A method of installing an expandable tubular element in a wellbore comprises lowering the tubular element into the wellbore such that an annular space is formed between the tubular element and the wellbore wall, locating a first compound in the annular space, the first compound being adapted to cooperate with a second compound upon contact therewith so as to form an annular body anchoring the tubular element in the wellbore, radially expanding a section of the tubular element, and inducing the second compound to enter a portion of the annular space surrounding said expanded tubular section. An unexpanded section of the tubular element is disconnected from the expanded tubular section and removed from the expanded tubular section.

Description

The present invention relates to a method of installing a tubular element in a wellbore whereby the tubular element is radially expanded in the wellbore so as to form an expanded tubular section and an unexpanded tubular section, and whereby an annular space is formed between the tubular element and the wellbore wall.

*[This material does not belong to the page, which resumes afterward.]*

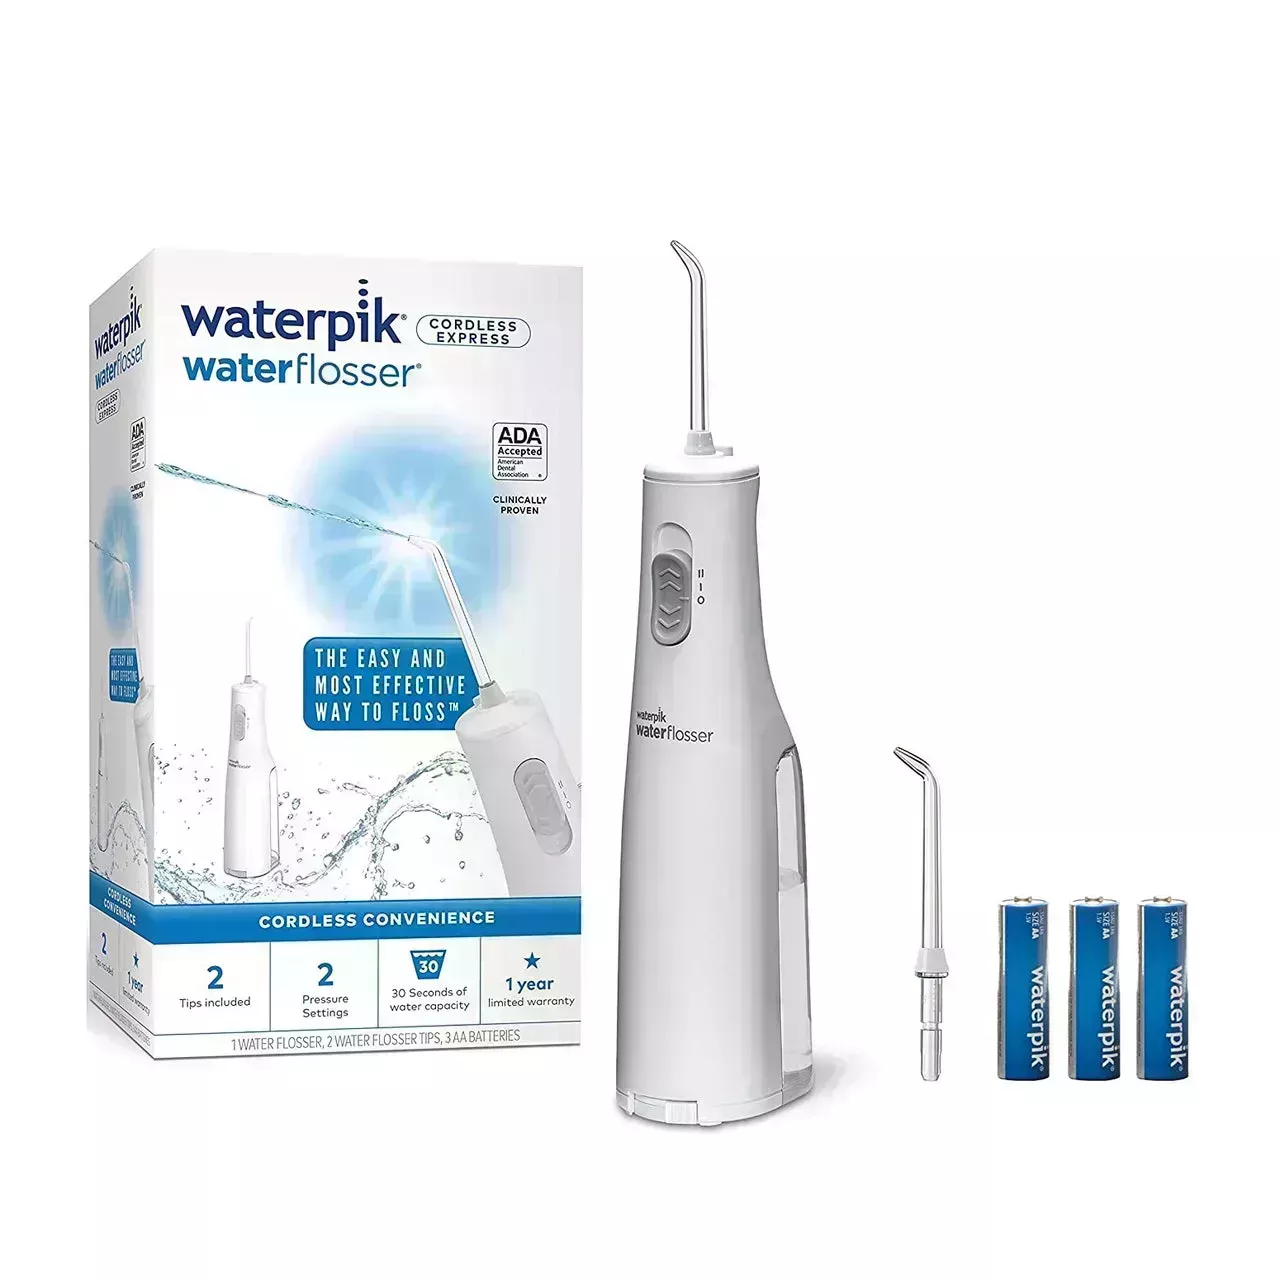 Waterpik Cordless Water Flosser kit on white background

In the description hereinafter, the term “casing” is used to refer either to a wellbore casing or to a wellbore liner. Wellbores for the production of hydrocarbon fluid generally are provided with one or more casings to stabilise the wellbore wall and/or to provide zonal isolation. Cement is pumped into the wellbore to seal the annular space and to fix the casing in the wellbore. Generally, several casings are set at different depth intervals, in a nested arrangement whereby the diameter of each subsequent casing is smaller than the diameter of the previous casing in order to allow lowering of the subsequent casing through the previous casing.

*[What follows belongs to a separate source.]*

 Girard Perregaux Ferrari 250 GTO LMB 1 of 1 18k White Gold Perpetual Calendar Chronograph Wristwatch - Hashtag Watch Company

Recently it has become practice to radially expand tubular elements in the wellbore. For example, a casing is expanded to allow a larger available working space in the wellbore, or a tubular element is expanded against an existing casing to form a tubular clad and to serve as a production conduit for hydrocarbon fluid. Also, it has been proposed to construct a monodiameter well by radially expanding each casing to substantially the same diameter as the previous casing. It is thus achieved that the available inner diameter of the casings is substantially constant throughout the wellbore depth, as opposed to the conventional nested arrangement whereby the available diameter decreases stepwise with each subsequent casing. The monodiameter concept is particularly of interest for very deep wellbores or for extended reach wellbores. To expand the tubular element in the wellbore, an expander of larger diameter than the inner diameter of the unexpanded tubular element is pumped, pushed or pulled through the tubular element, sometimes with combined rotation of the expander.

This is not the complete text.